### SOURCE INFORMATION
================
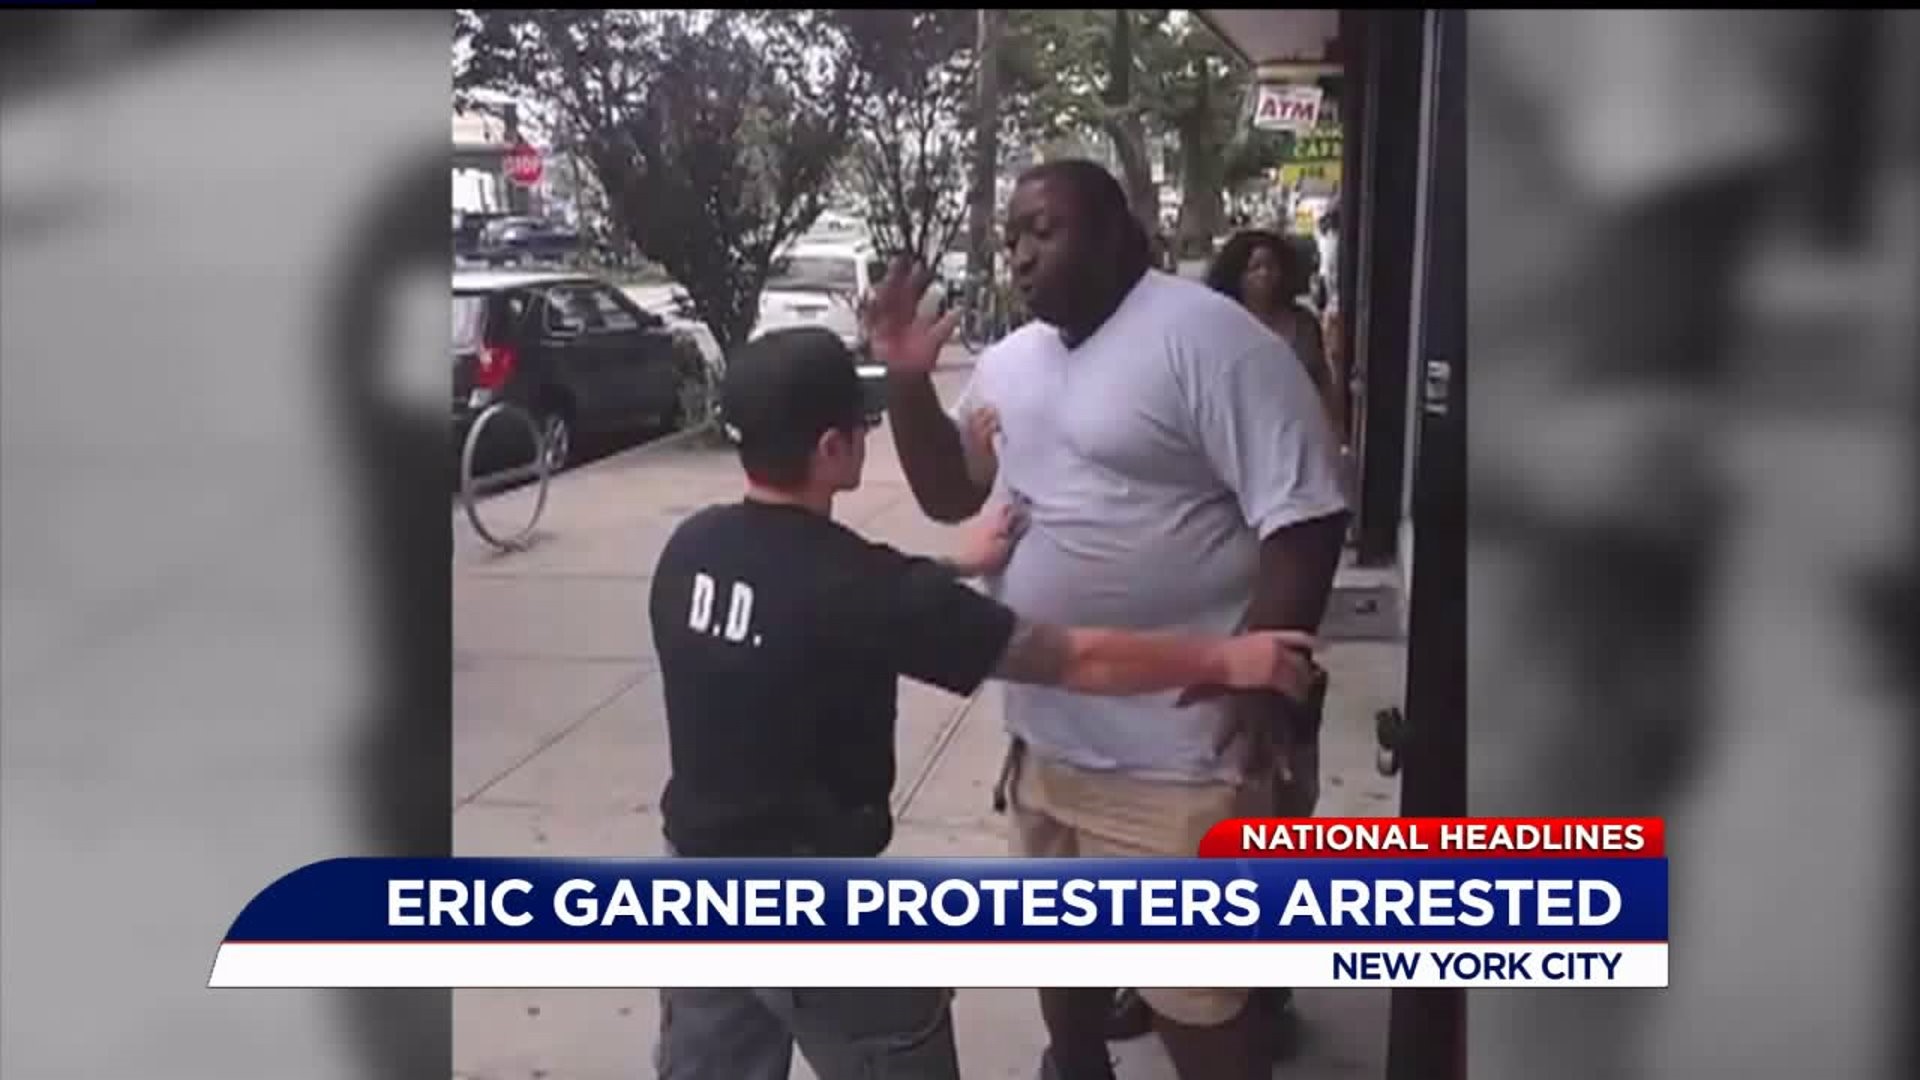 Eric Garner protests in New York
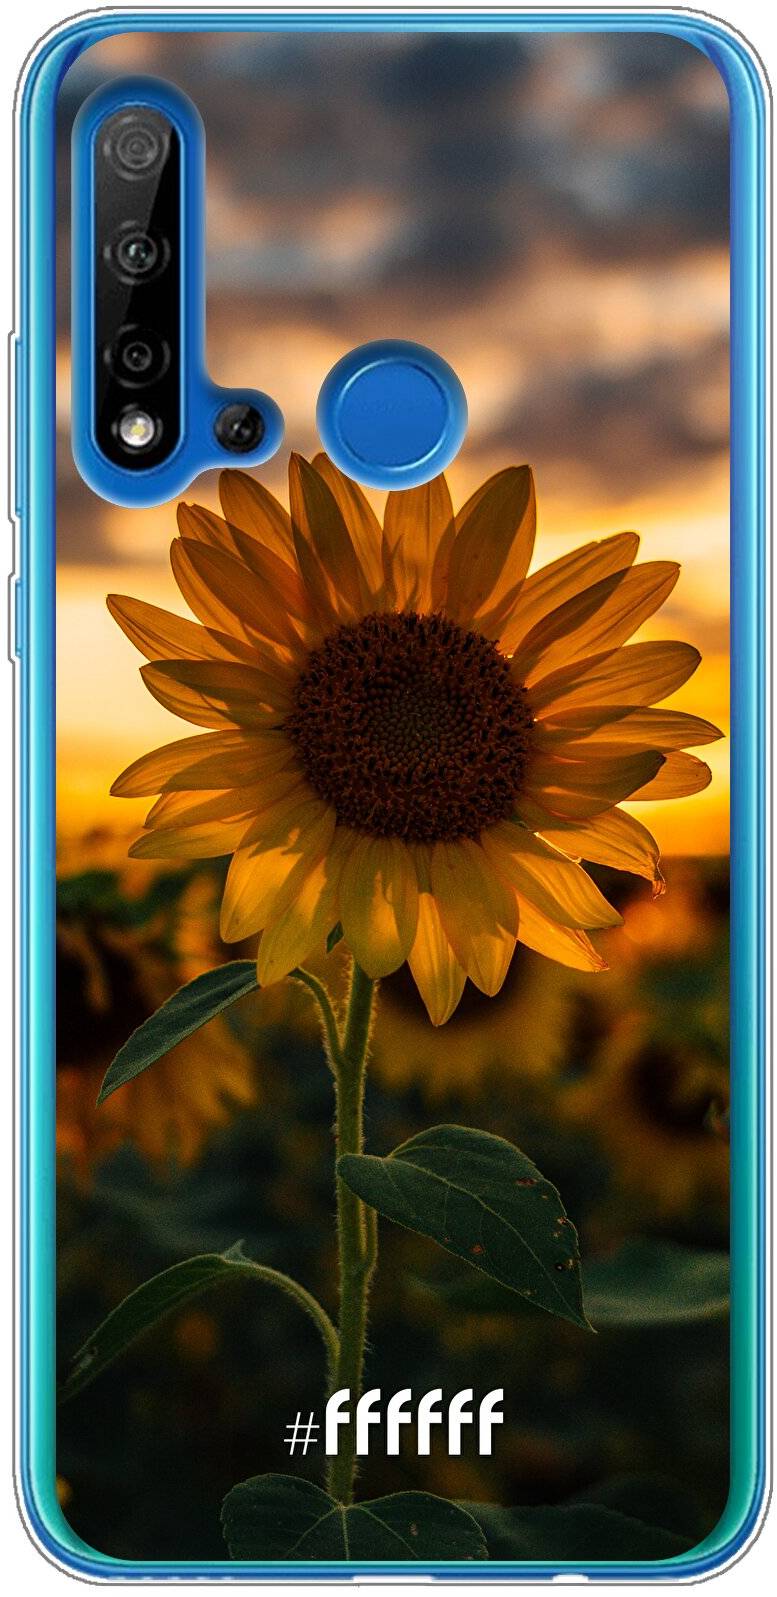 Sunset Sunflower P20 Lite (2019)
================
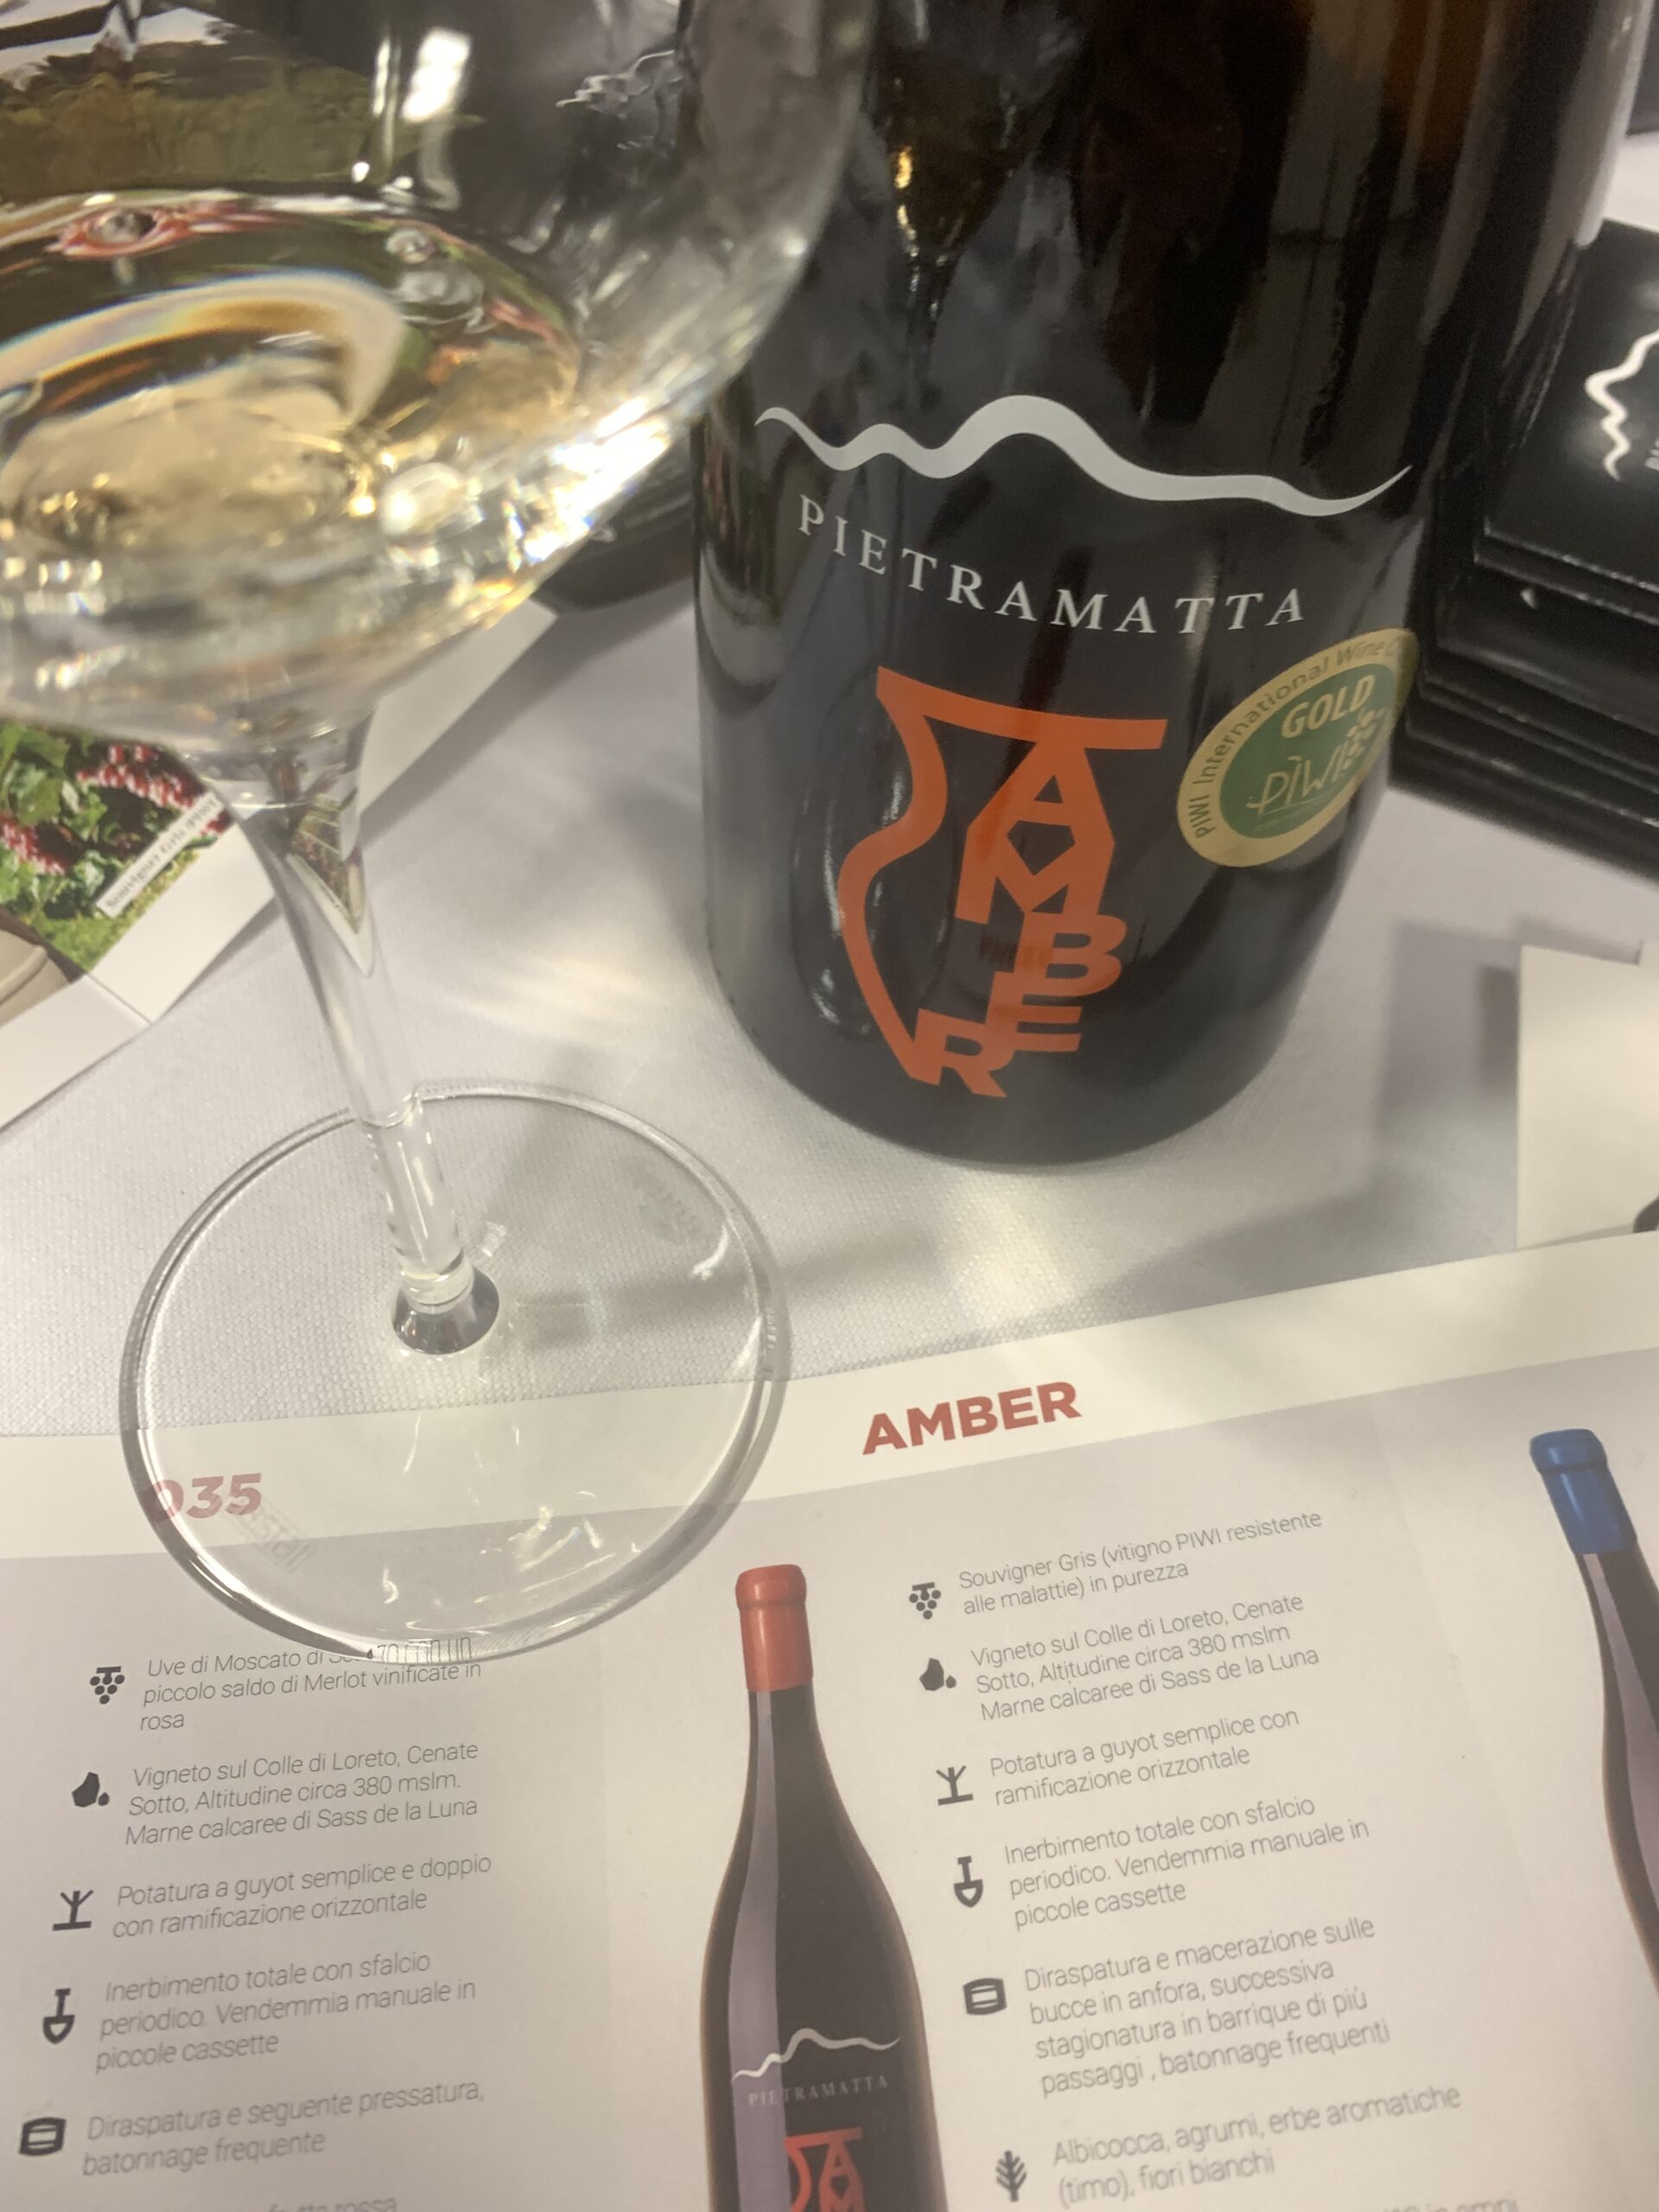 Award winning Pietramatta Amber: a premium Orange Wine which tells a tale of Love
================
### WHAT NEEDS TO BE DONE
Give back exactly the lines of the listing above from the one that contains "Eric Garner protests in New York" up to and including the one that contains "Sunset Sunflower P20 Lite (2019)", but not the pictures, and no other lines.

### WRITTEN SOLUTION
 Eric Garner protests in New York
 Sunset Sunflower P20 Lite (2019)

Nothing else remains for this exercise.